*** Block opens ***

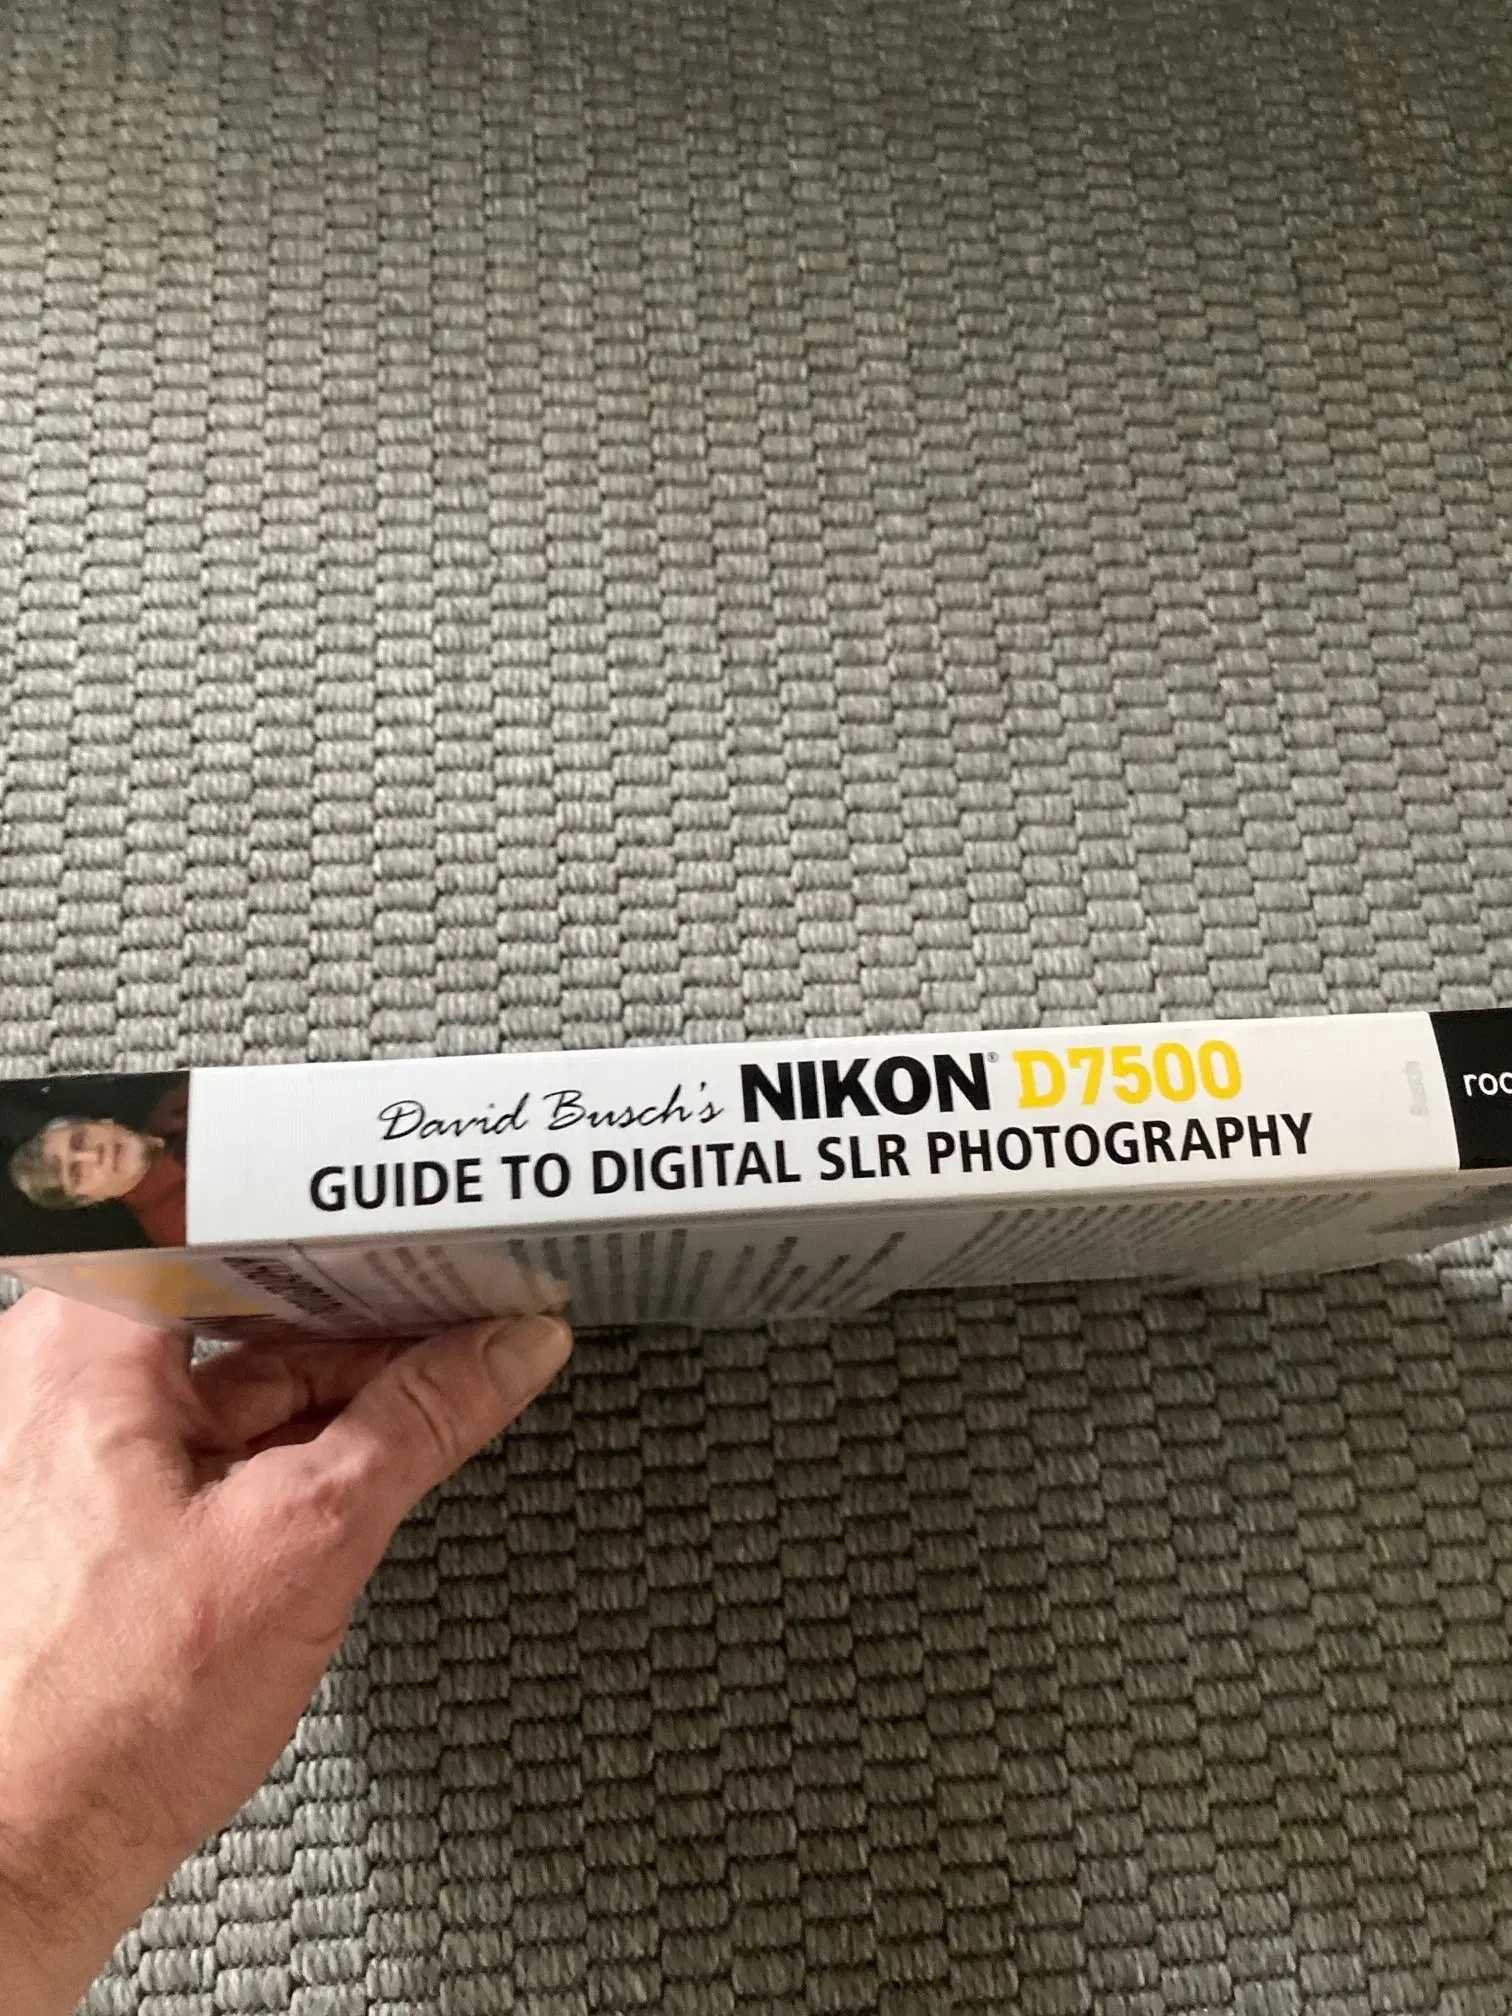 Nikon D7500 Guide
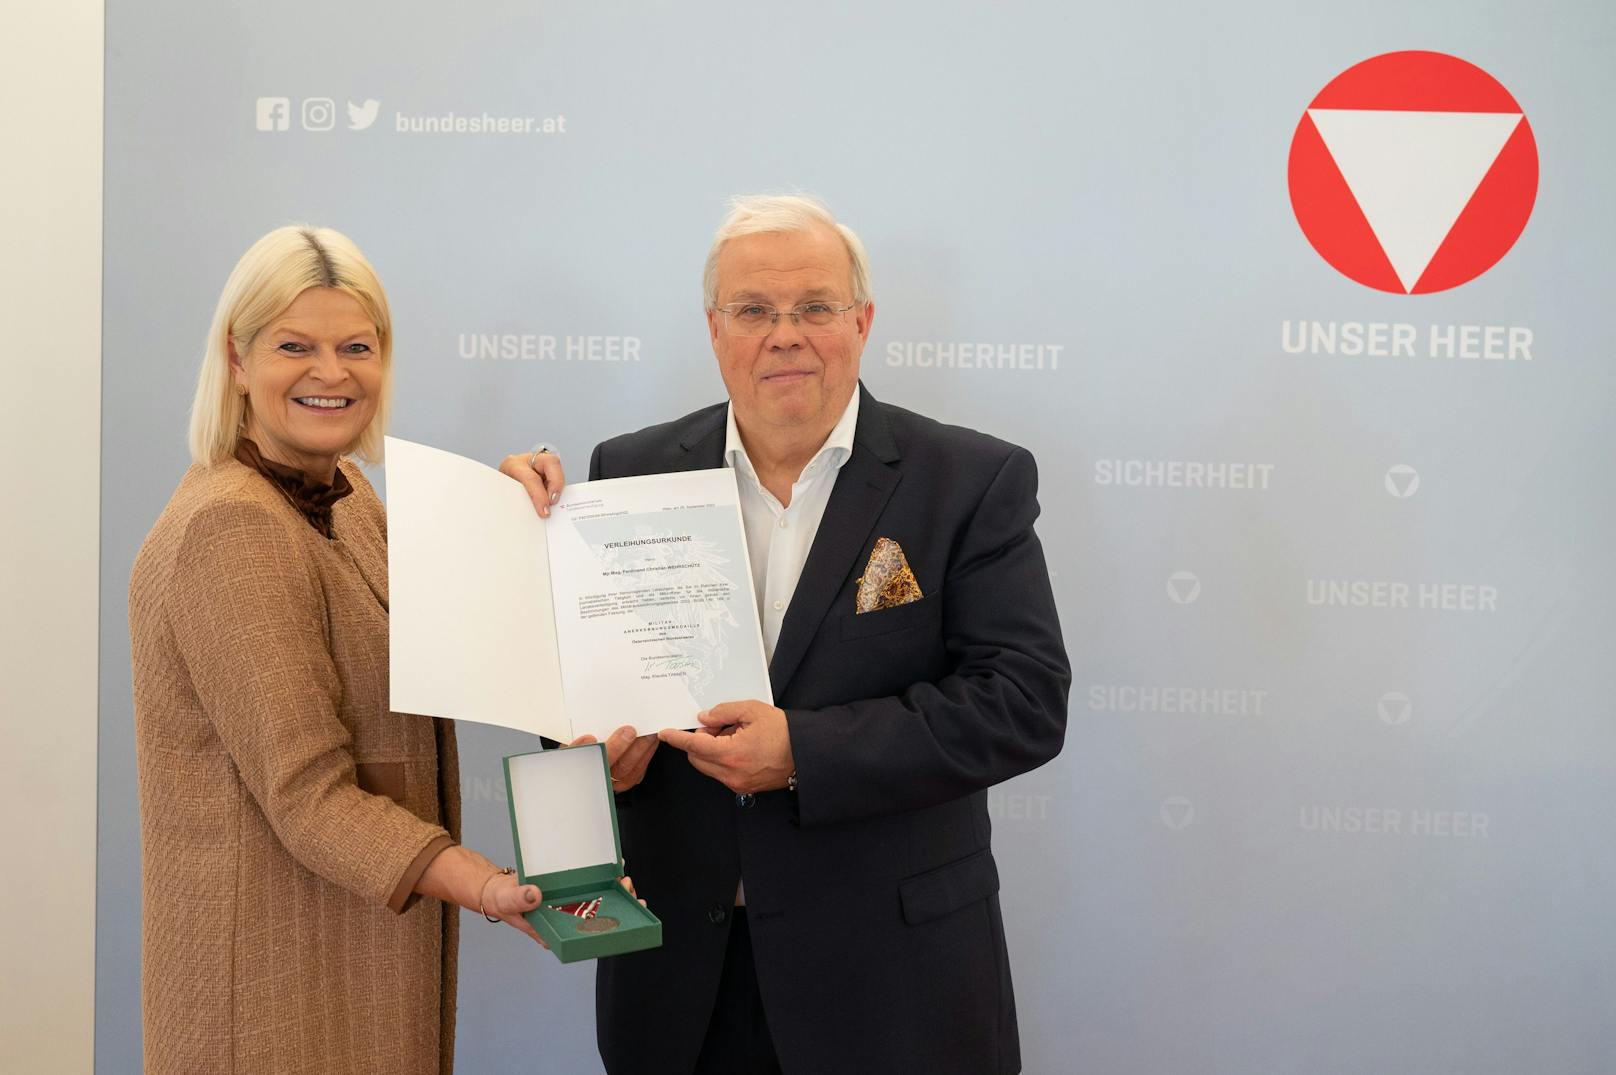 "Großartige Leistung" – ORF-Star erhält hohe Auszeichnung
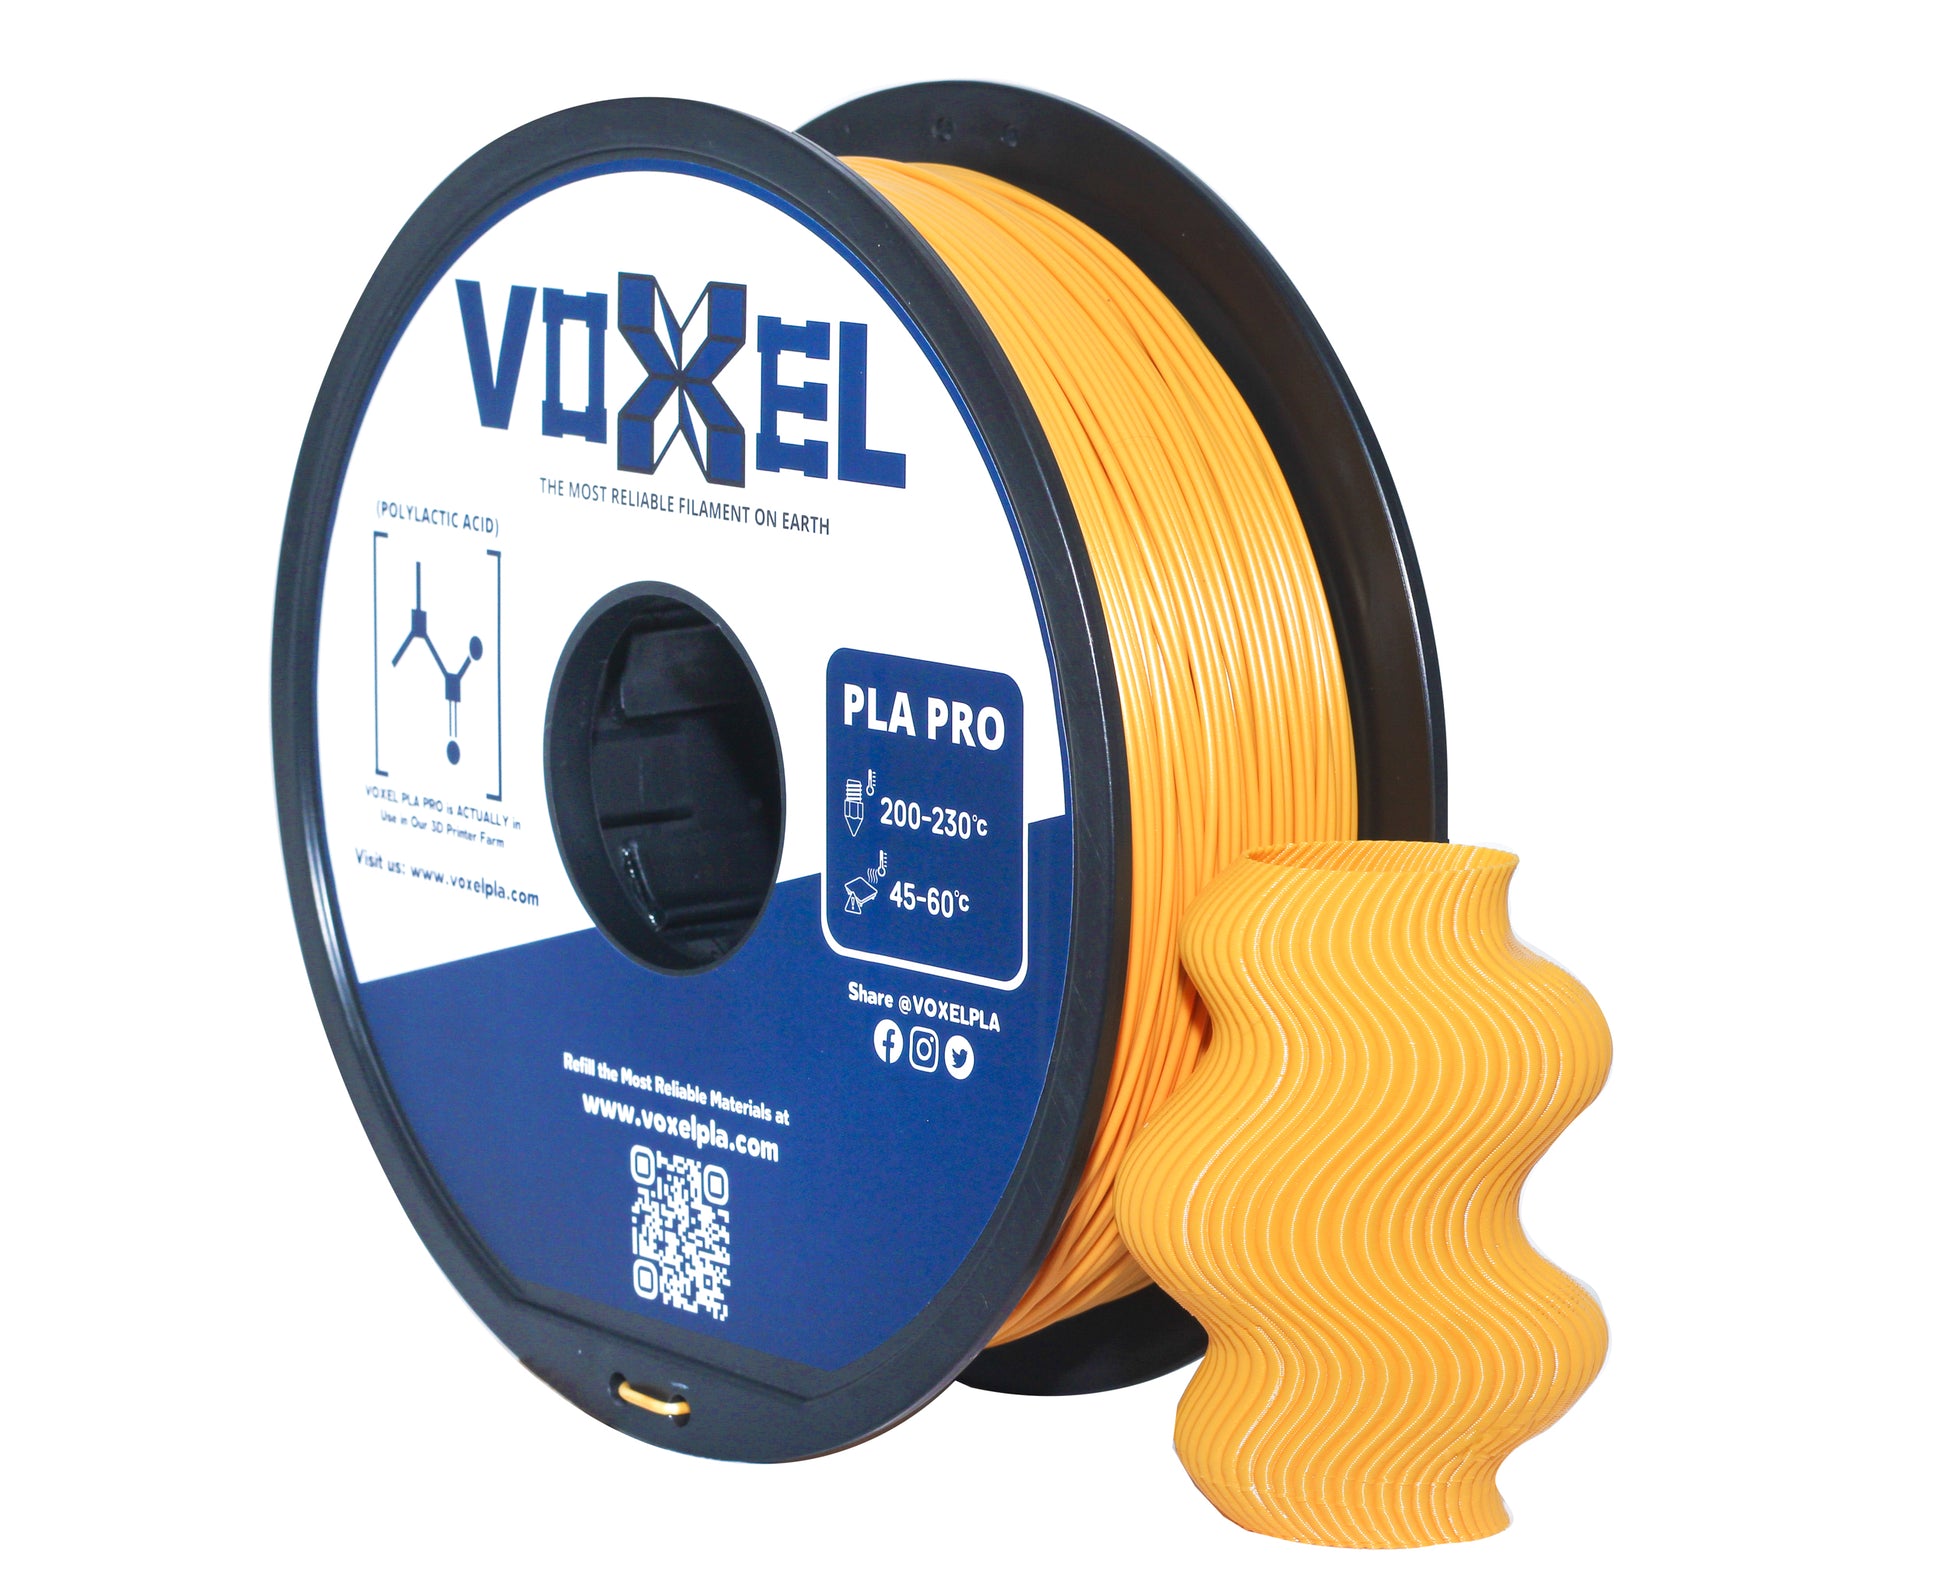 VOXELPLA PLA Plus Gold Filament - $16.99 1.75mm for FDM 3D Printer

*** Block closes ***

## WHAT IS BEING ASKED:
Omitting all pictures, set the listing down exactly.

## RESULT OF THE TASK:
 Nikon D7500 Guide
 "Großartige Leistung" – ORF-Star erhält hohe Auszeichnung
 VOXELPLA PLA Plus Gold Filament - $16.99 1.75mm for FDM 3D Printer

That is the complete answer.